• **DATA**:
==========
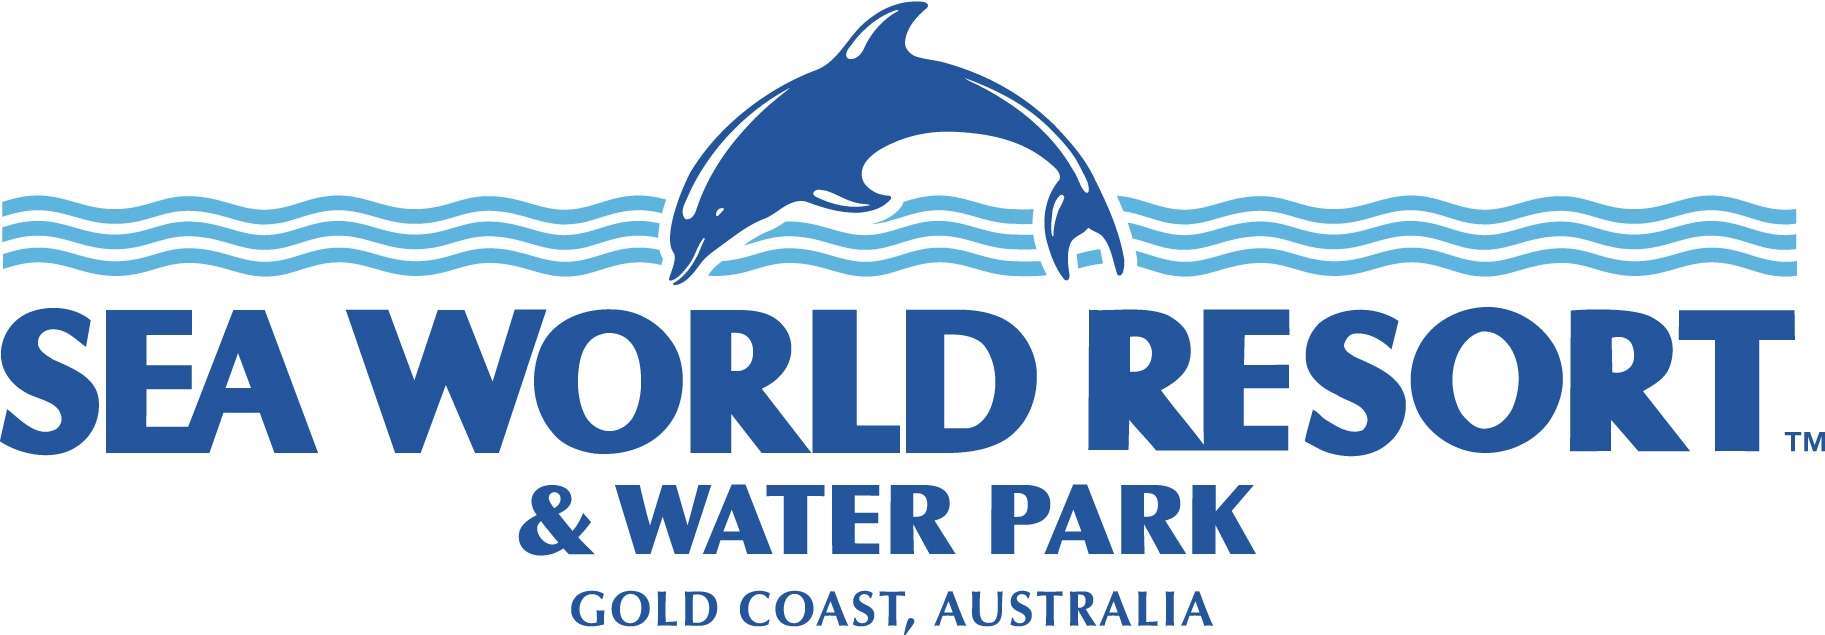 Seaworld Resort and Water Park
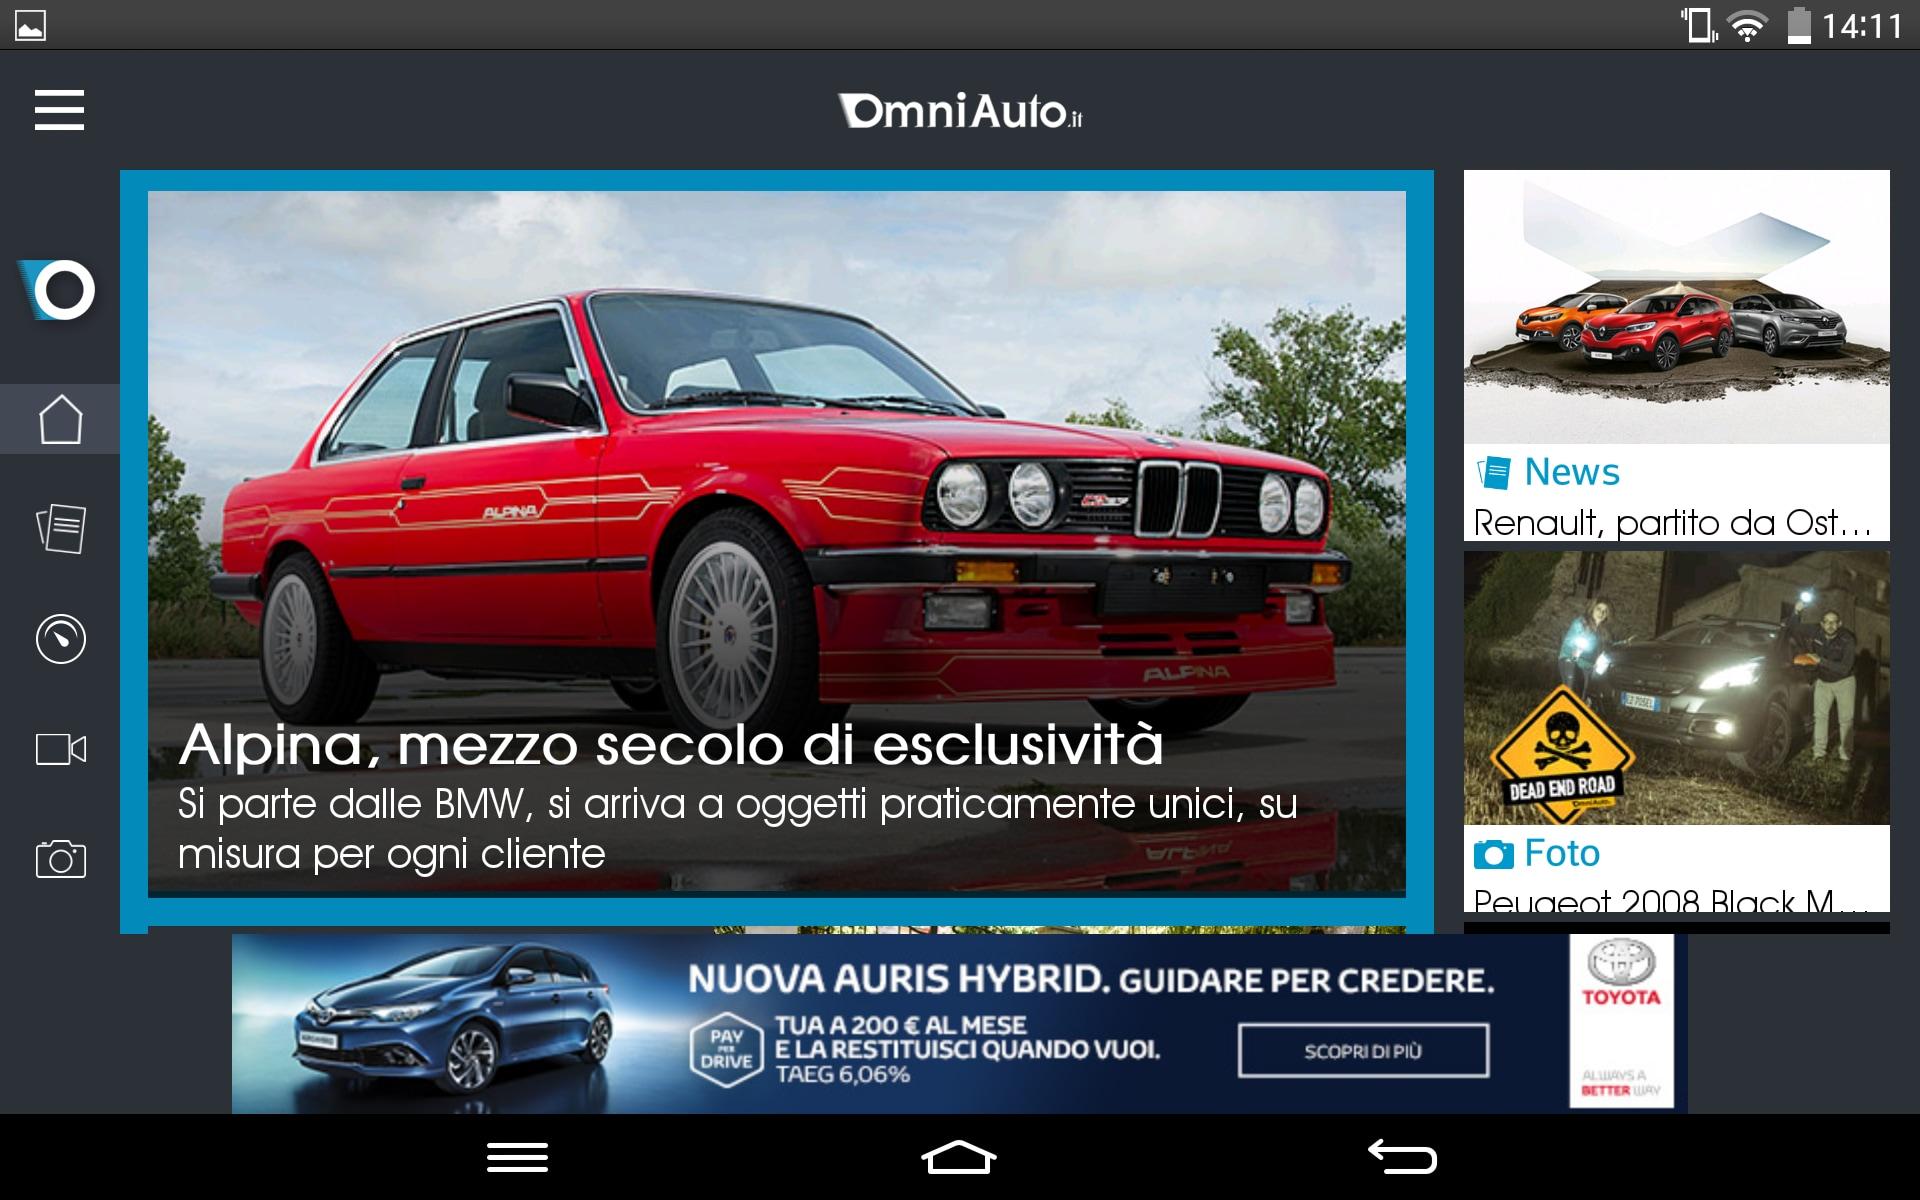 OmniAuto (2)
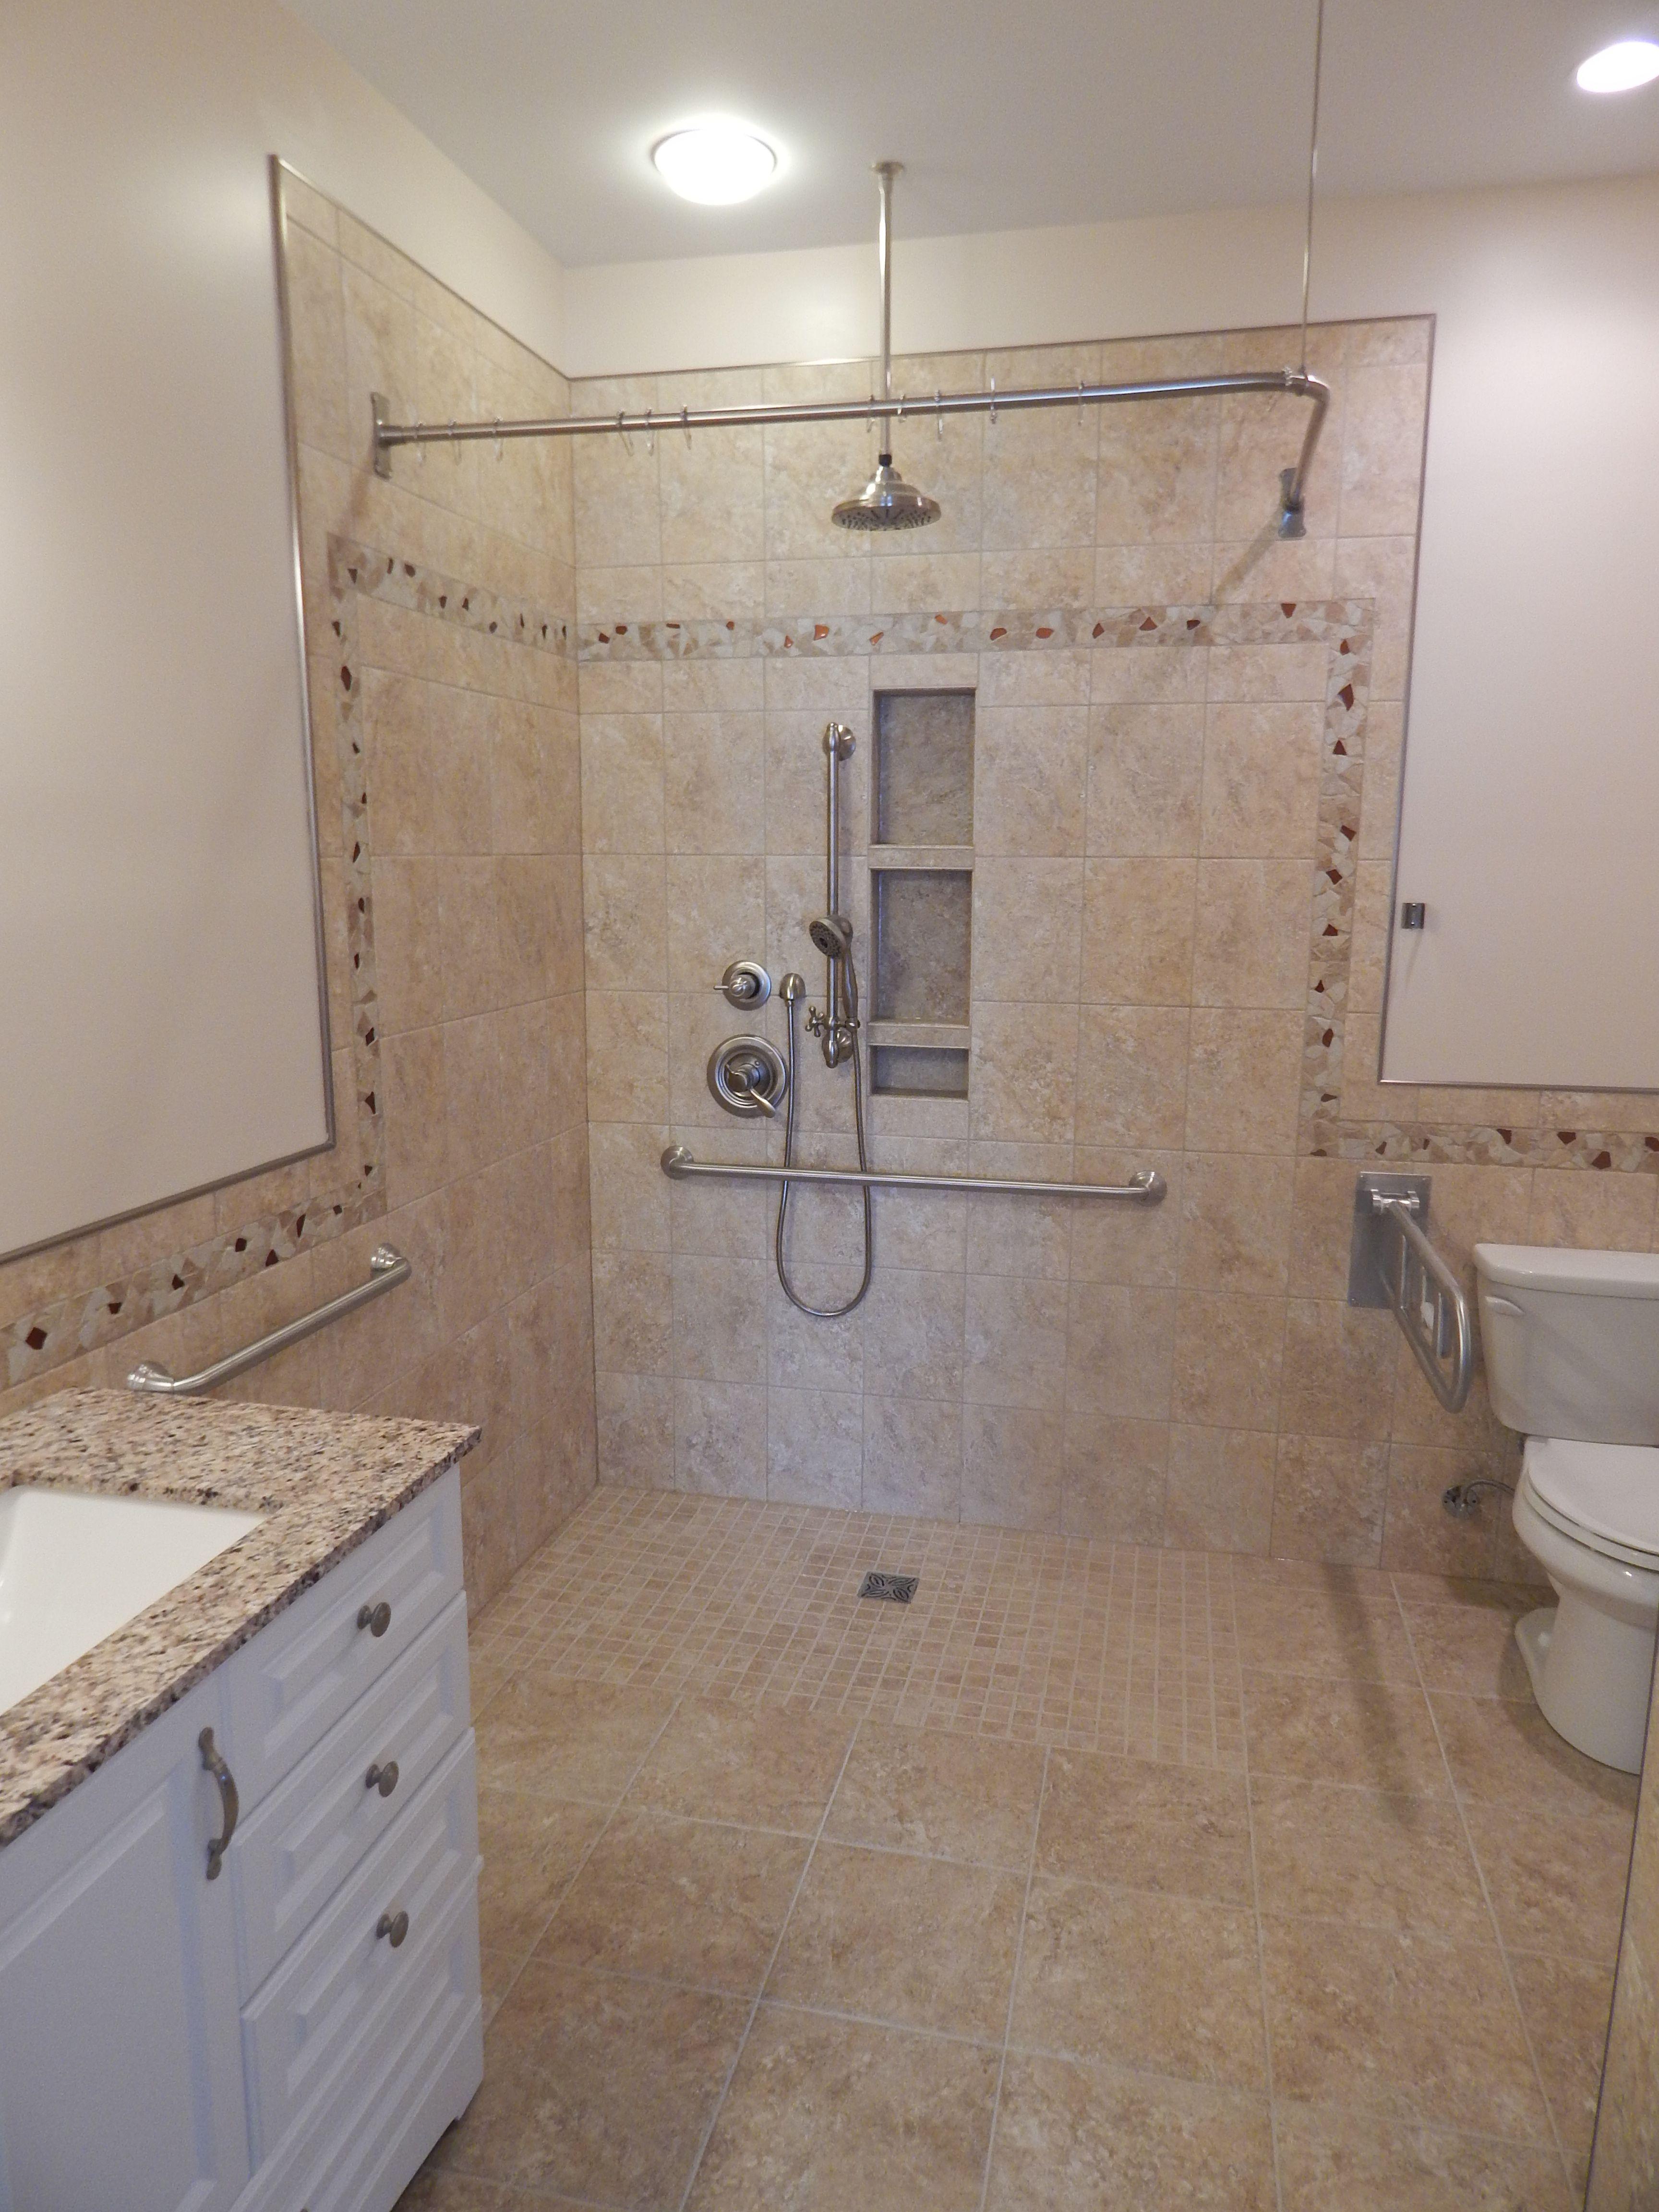 Custom barrier free bathroom with fold down grab bars
==========
• **PROBLEM TO WORK ON**: Every line above goes into your copy exactly; no images go in.

• **FINAL ANSWER**:
 Seaworld Resort and Water Park
 OmniAuto (2)
 Custom barrier free bathroom with fold down grab bars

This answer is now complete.